00:30:50: Nein, es geht nicht mehr darum automatisch ja zu sagen weil das mal so war.
00:30:56: Weil natürlich vier drei Viertel meines Lebens habe ich an der Einkommensgrenze gelebt und hatte viel Freizeit.
00:31:05: Ich wollte die auch haben.
00:31:07: Ich hatte auch keinerlei Bedürfnis mehr zu arbeiten also meine Freiheit war mir immer mehr wert als Geld Und mit fünfzig habe ich dann ja gedacht irgendwie vielleicht doch noch mal anders so und, ...und dann.
00:31:23: Und damals hätte ich natürlich für jeden Auftrag sonst was gegeben auch als Zeiten auch gab wo ich meine Miete nicht zahlen konnte.

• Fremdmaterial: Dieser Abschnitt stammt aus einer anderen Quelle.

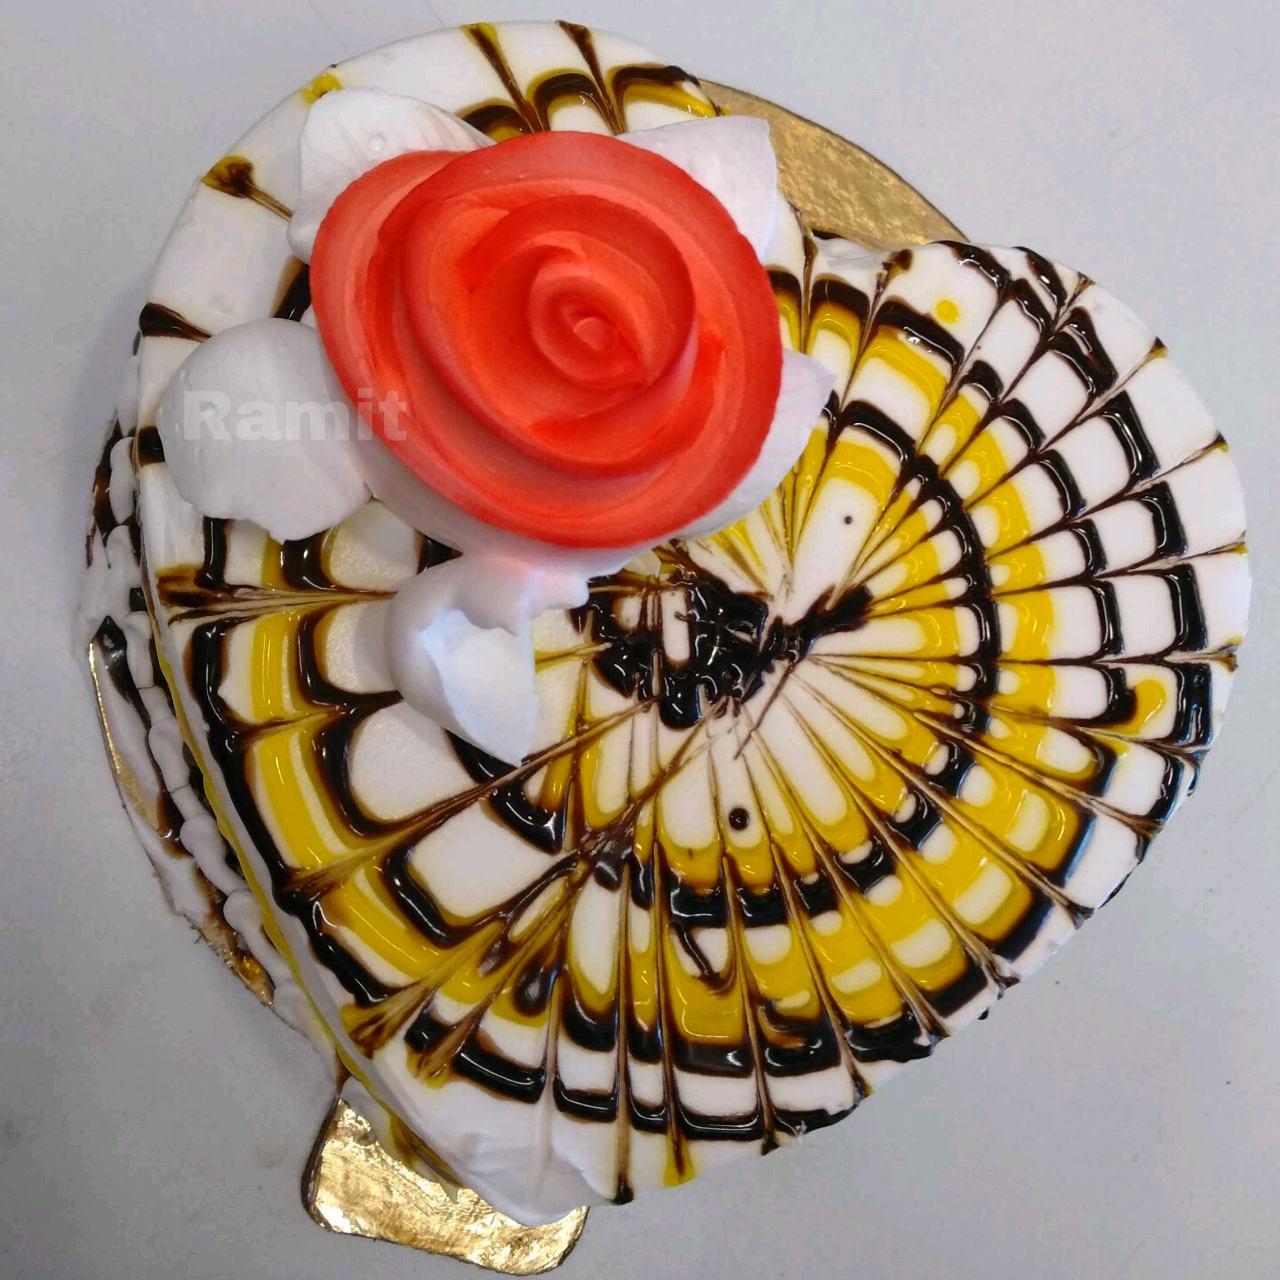 Caramel Cake Topped With Chocolate,Pineapple Glaze

00:31:29: und ja ich hätte mich gefreut wenn jemand gefragt hätte möchtest du ein Seminar geben oder möchtes du eine Fortbildung geben?
00:31:35: oder?
00:31:35: oder ist ja nicht so dass ich damals etwas anderes getan hätte als heute?

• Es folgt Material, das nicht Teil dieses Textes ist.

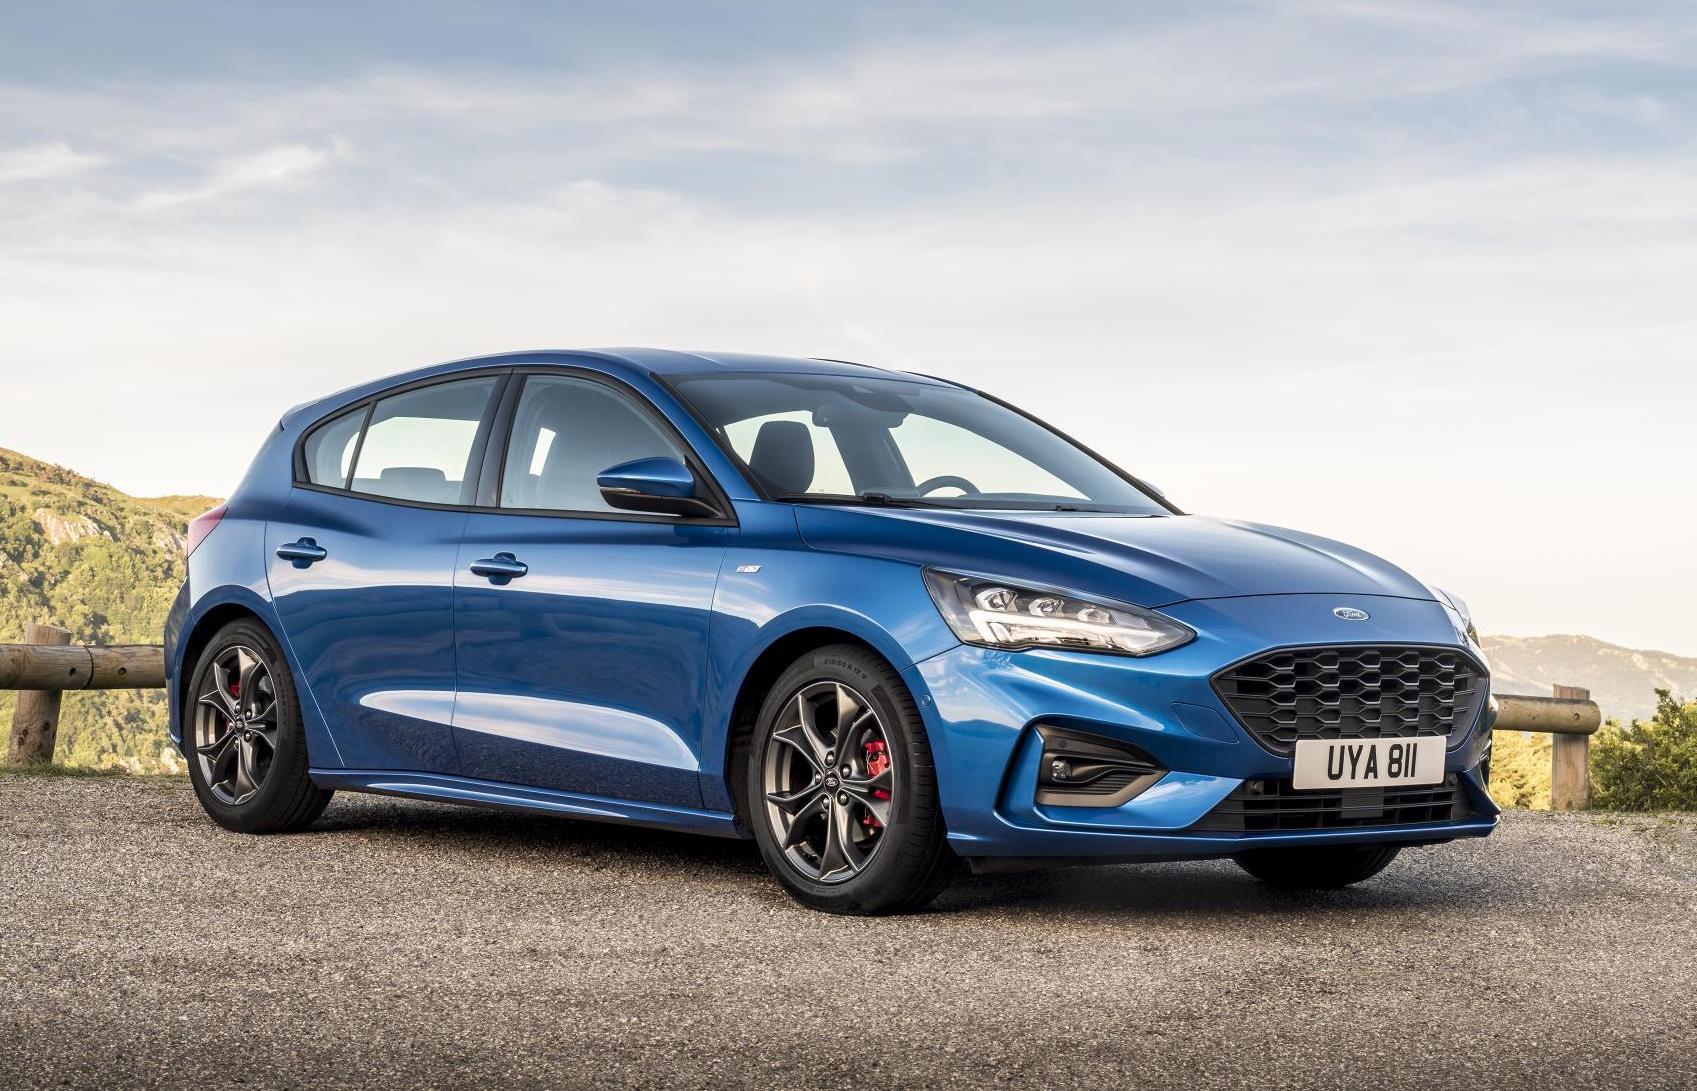 2019 Focus St >> 2019 Ford Focus Australian details announced, ST-Line confirmed | PerformanceDrive

00:31:40: aber damals hat eben niemand gefragt und plötzlich Plötzlich fragen eben Leute und dann diesen Punkt der war für mich einfach total wichtig zu kapieren.
00:31:52: Nein, ich bin nicht mehr da wo ich früher war.
00:31:55: jetzt muss Ich nein sagen weil sonst werde ich irre Und komme zu nichts was wirklich wichtig für mich ist Weil ich ständig termine habe so und und das immer wieder abzugleichen.
00:32:06: Wo bin ich heute?
00:32:08: Und wer bin ich Heute?
00:32:09: Was ist heute mein bedürfnis oder auch meine prioritäten?
00:32:13: was ist mir wichtig?
00:32:14: Und nein, ich bin nicht mehr da wo ich vor zehn Jahren war.
00:32:20: Wir machen oft keinen Update und dann agieren wir immer noch aus diesem Mangel zum Beispiel von damals oder aus den Vorstellungen von damals und sagen zu Sachen ja wo wir eigentlich Nein sagen müssten so und dann haben wir keine Zeit wirklich für die Menschen zB Die mir wichtig sind weil nein irgendwann hast du ein Zeitproblem und das große Dilemma im Leben ist entweder hast Geld und keine Zeit meistens oder du hast Zeit aber kein Geld.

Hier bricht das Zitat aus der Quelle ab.